_YOUR TASK_:
Print all of the data below exactly as it appears, leaving out every image.

*** Opening of GIVEN MATERIAL ***

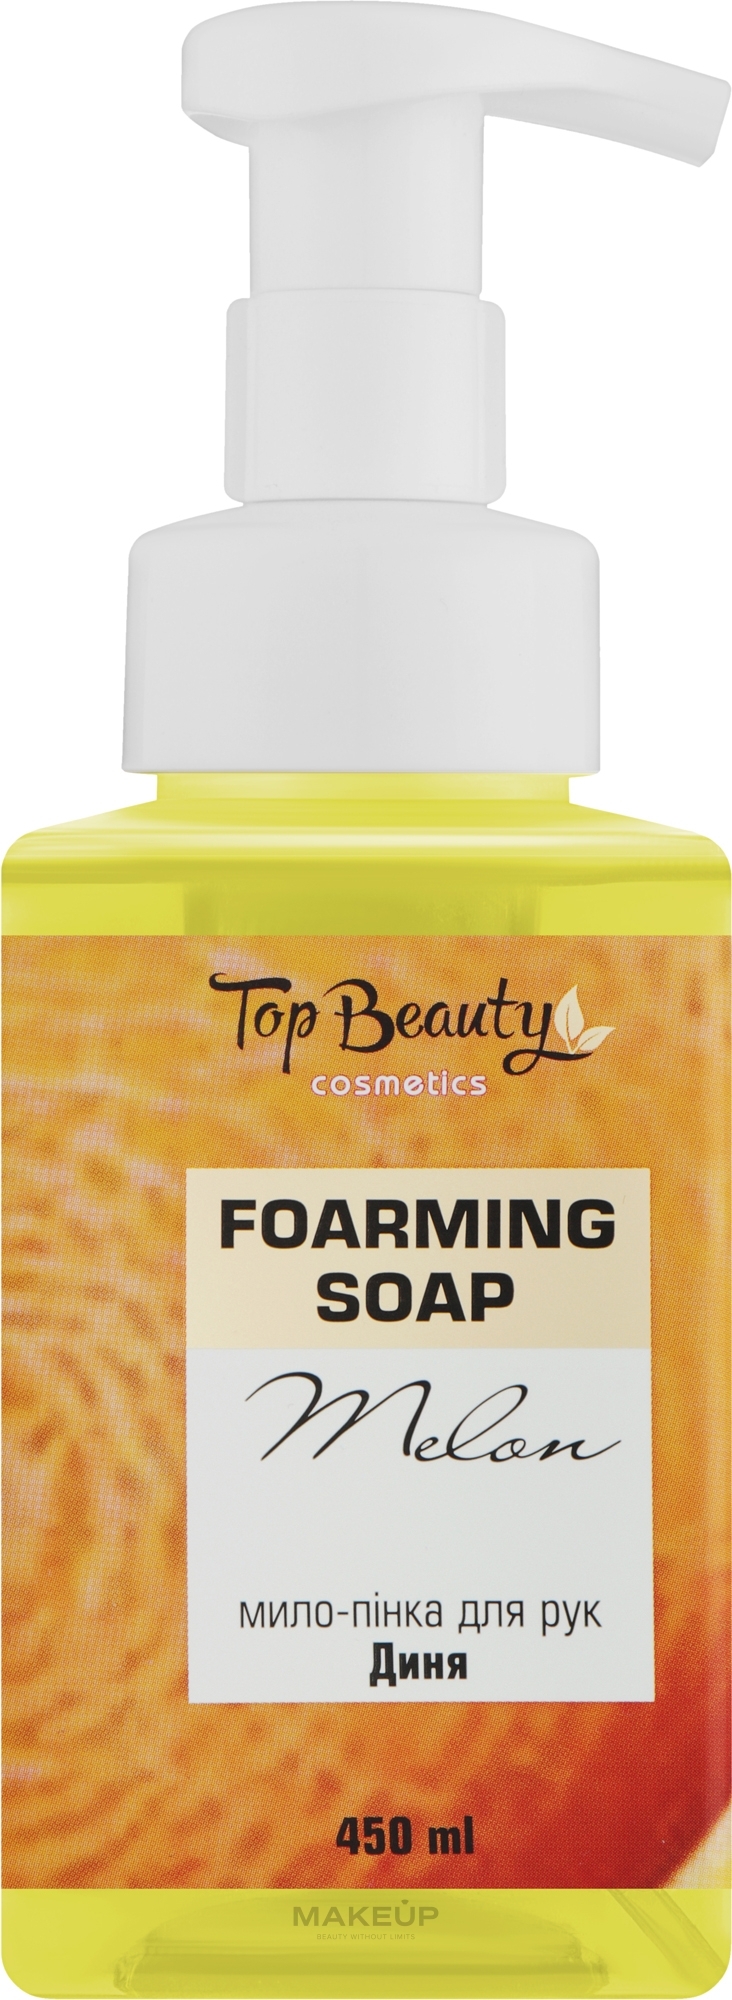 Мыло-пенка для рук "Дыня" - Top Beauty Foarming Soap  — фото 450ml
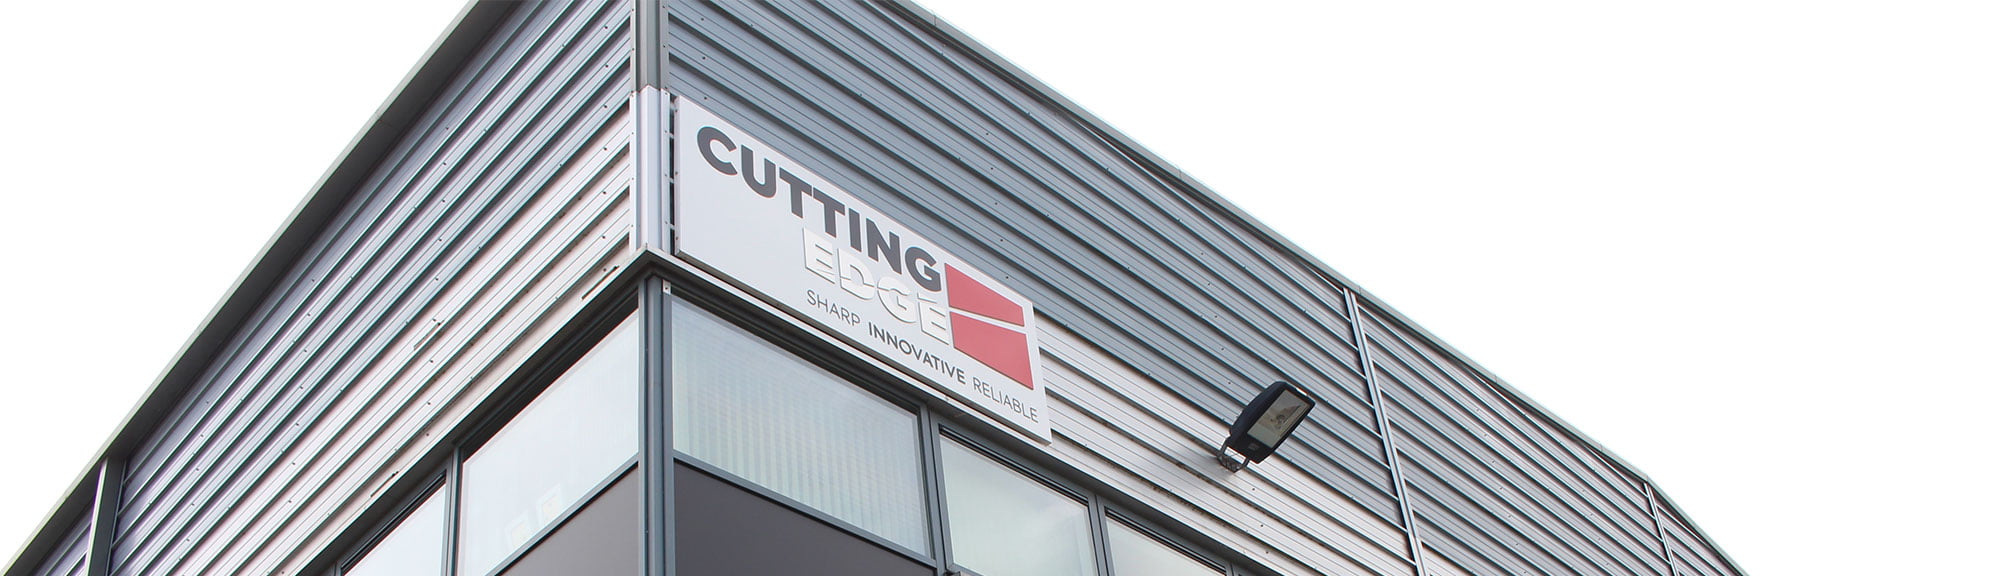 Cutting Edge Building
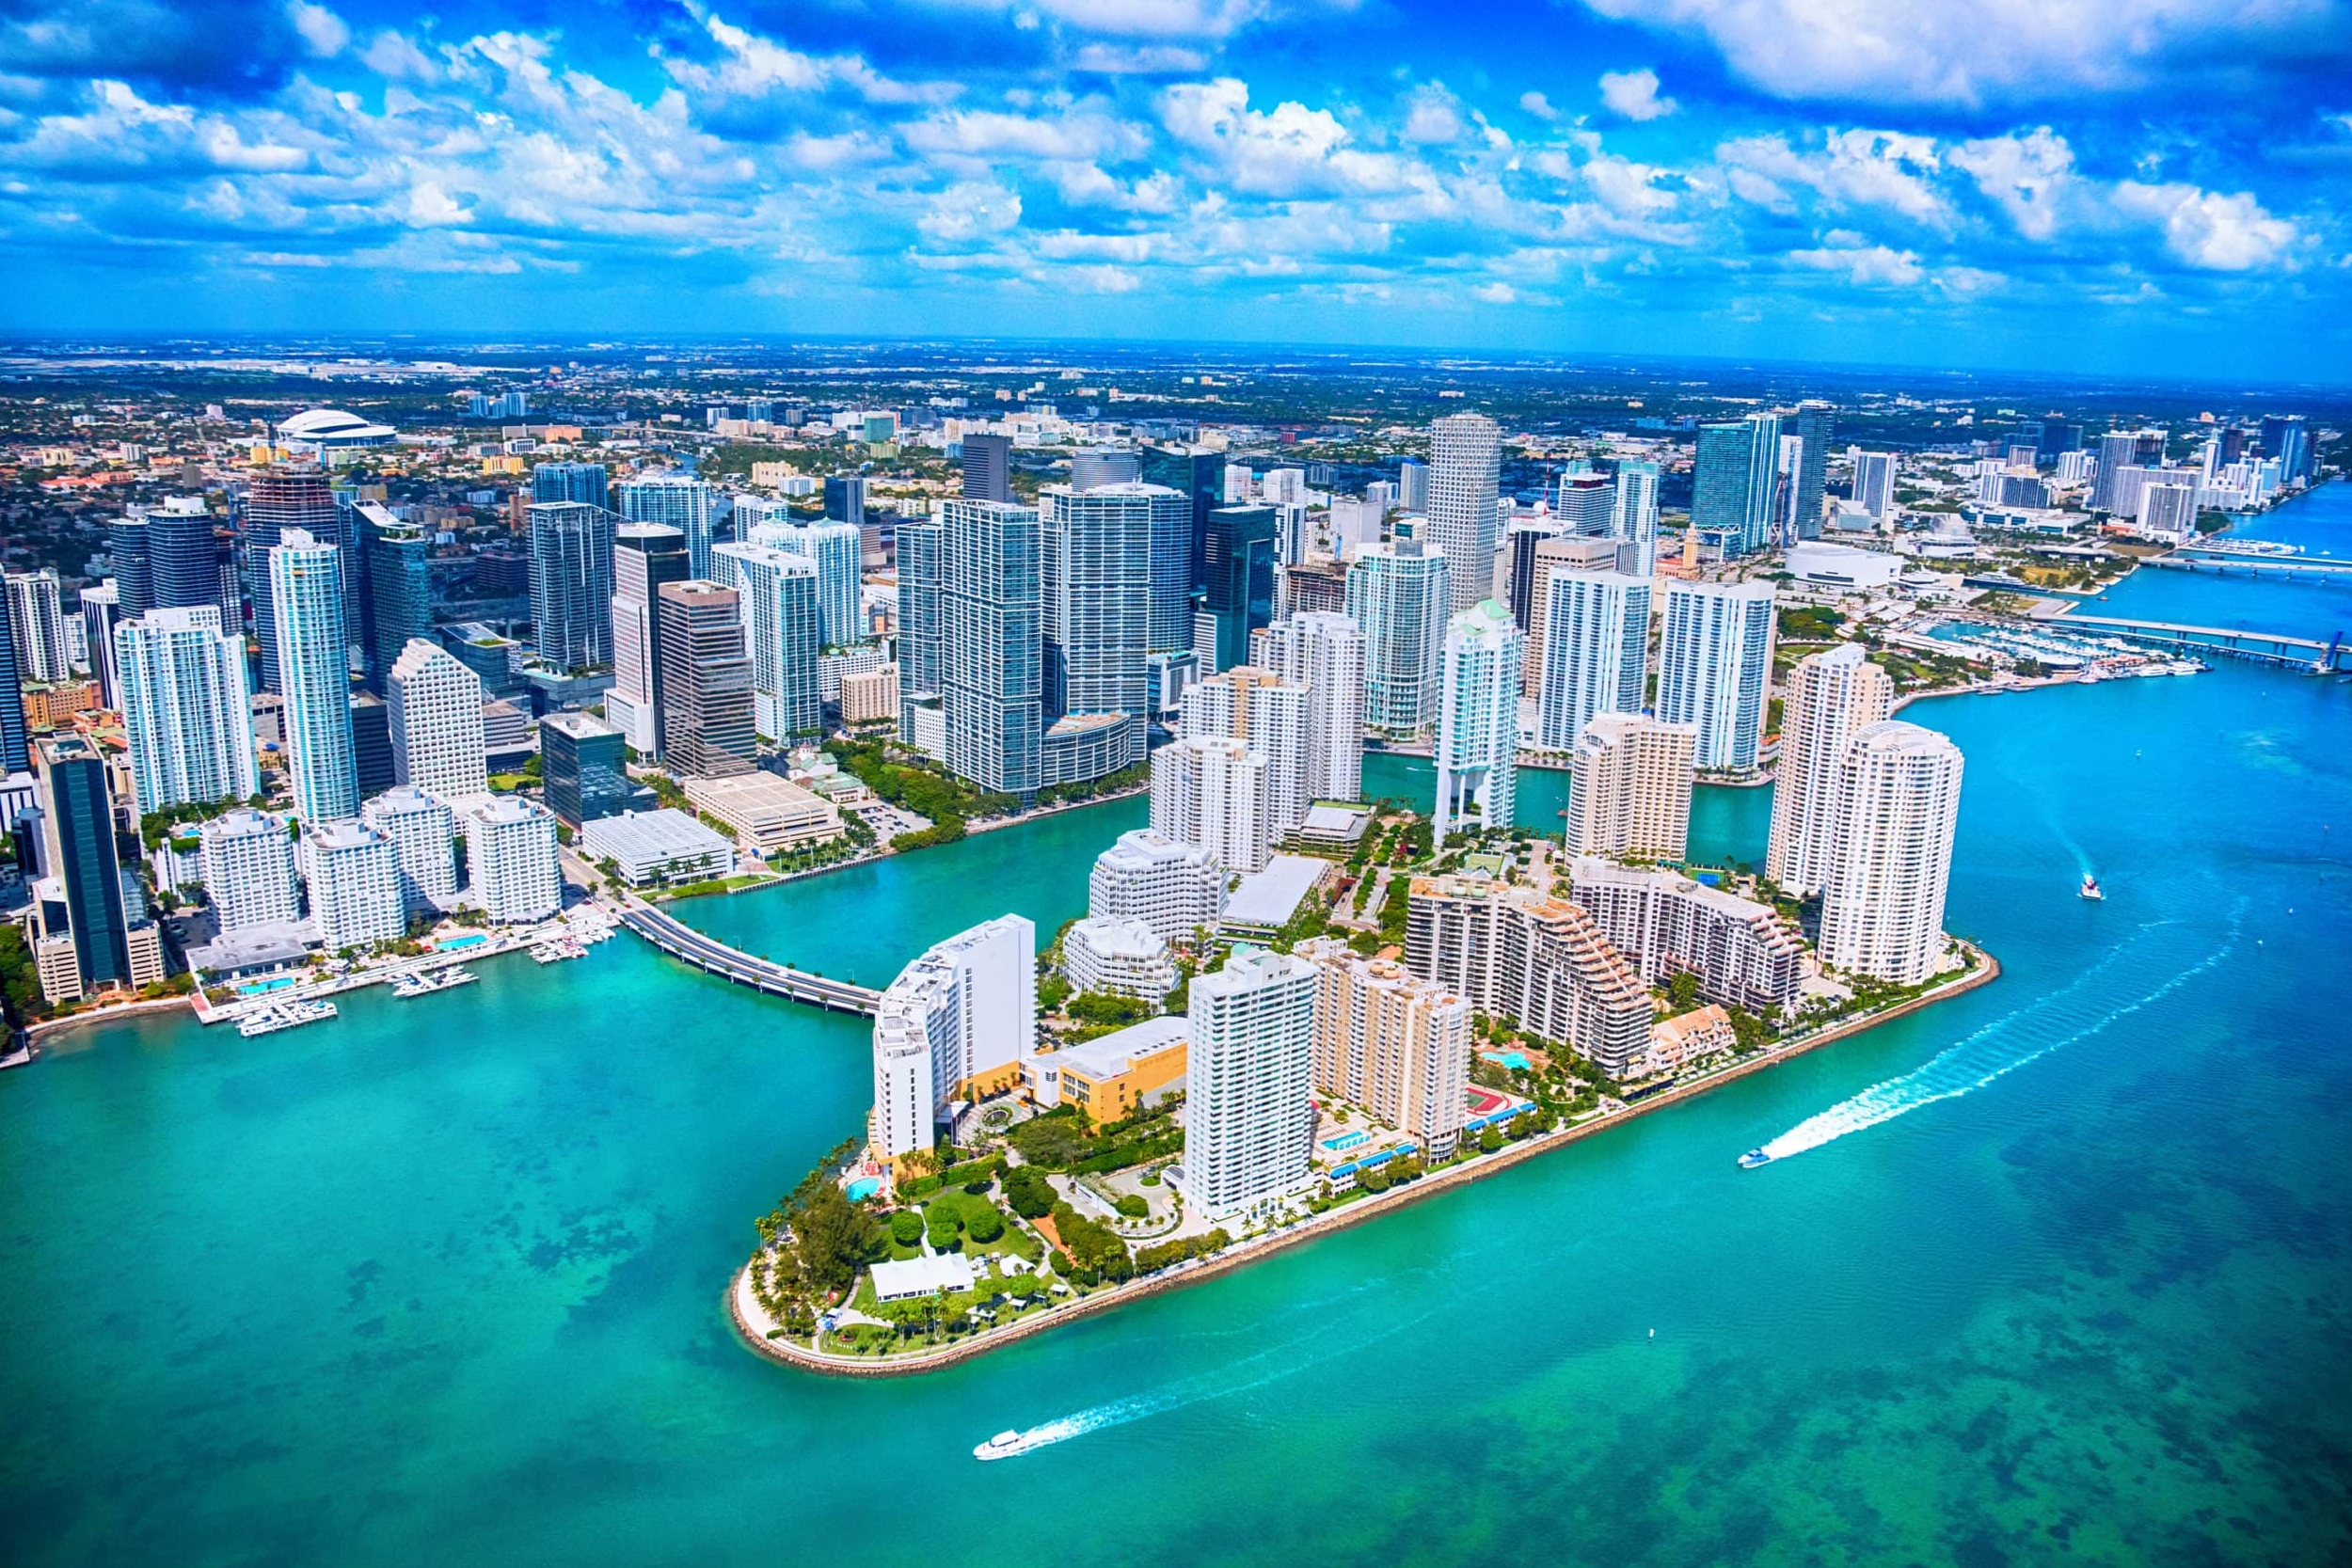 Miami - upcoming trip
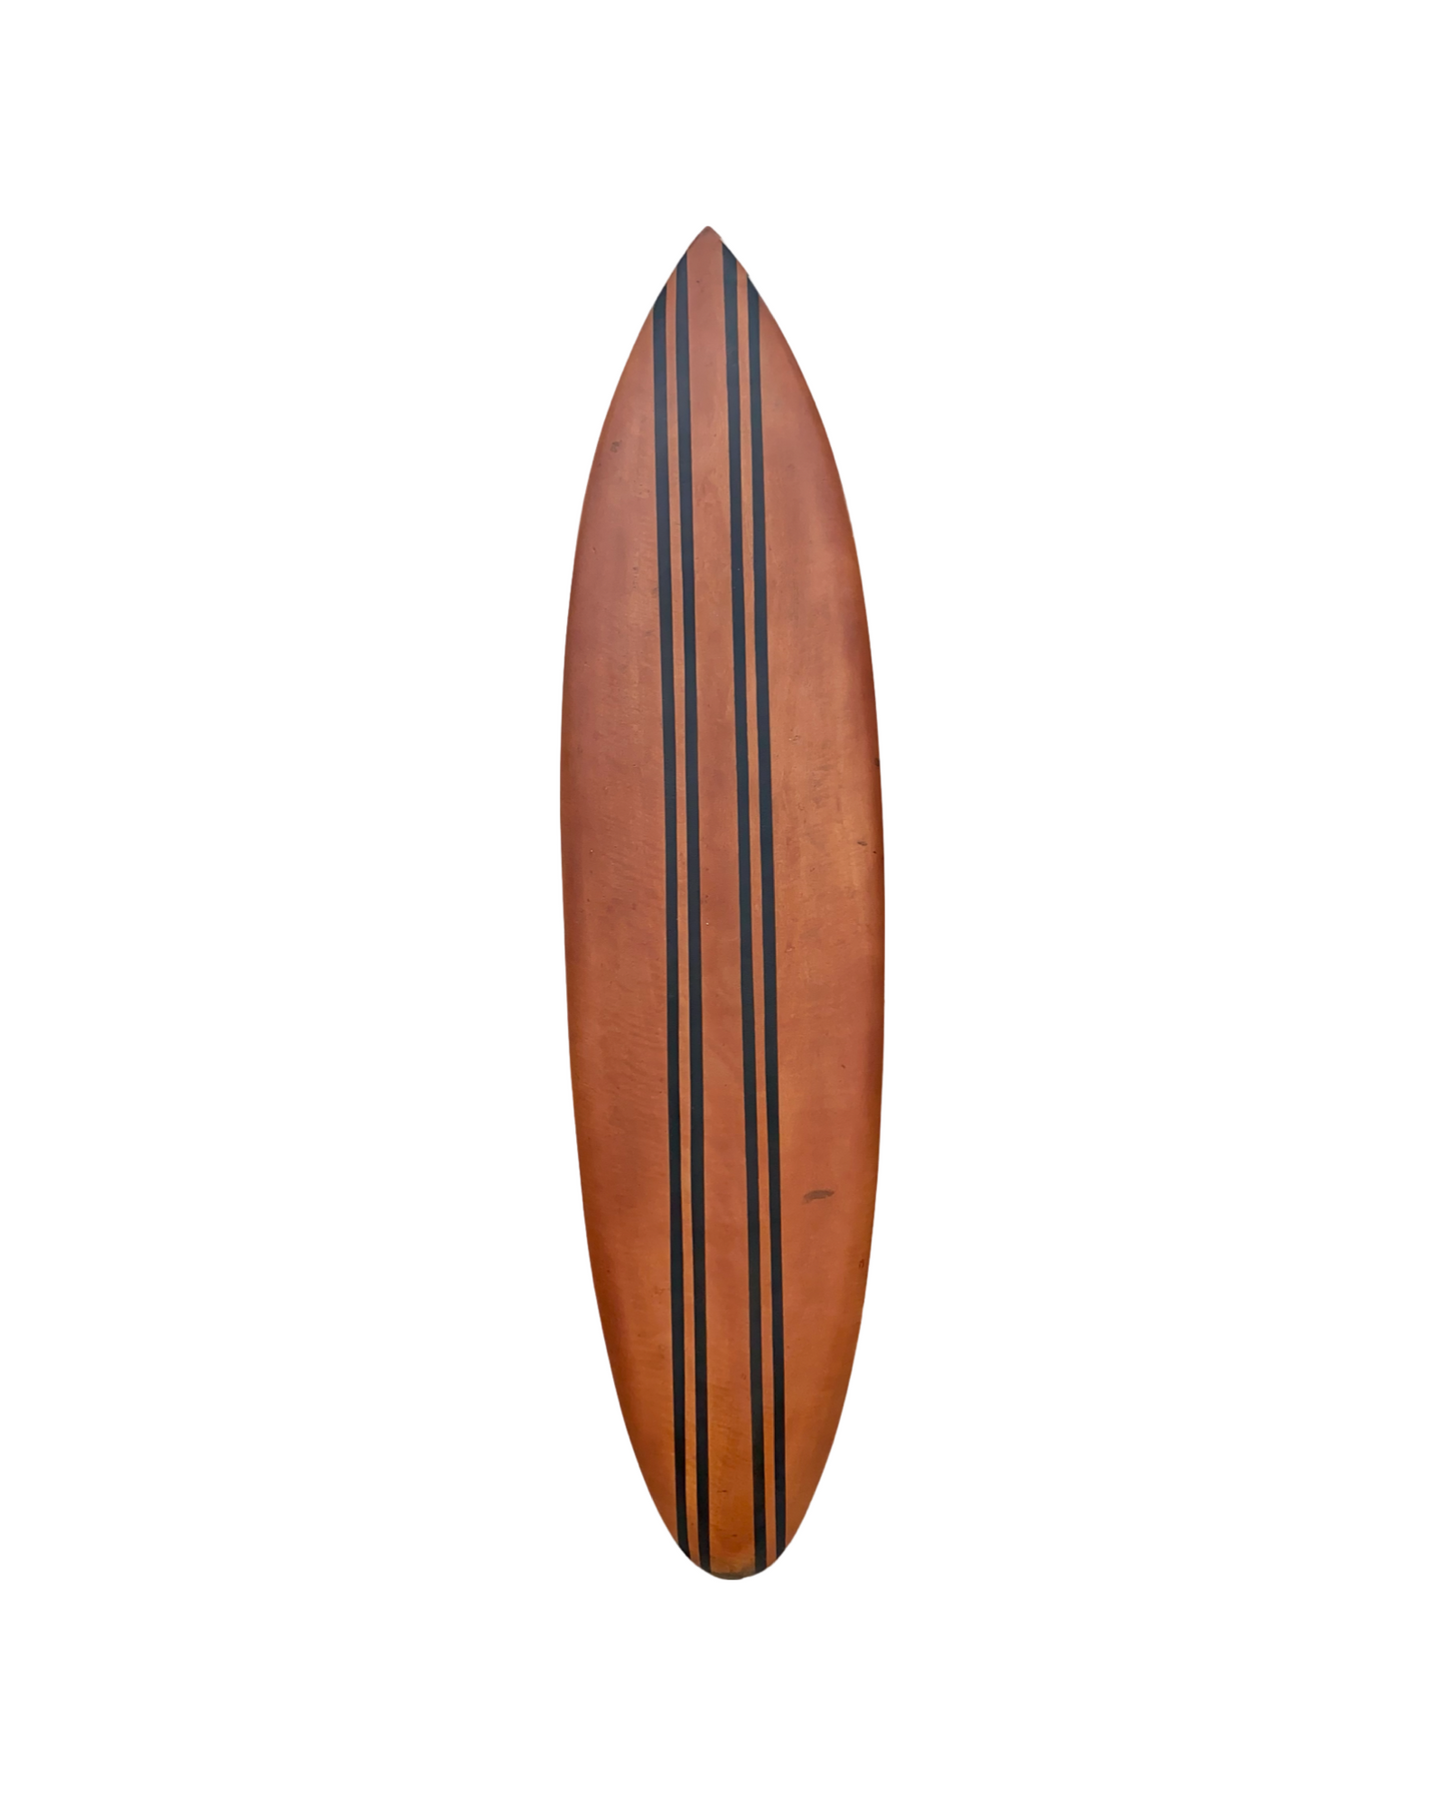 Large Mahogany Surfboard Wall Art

*** Close of GIVEN MATERIAL ***

_TASK ANSWER_:
 Мыло-пенка для рук "Дыня" - Top Beauty Foarming Soap  — фото 450ml
 Cutting Edge Building
 Miami - upcoming trip
 Large Mahogany Surfboard Wall Art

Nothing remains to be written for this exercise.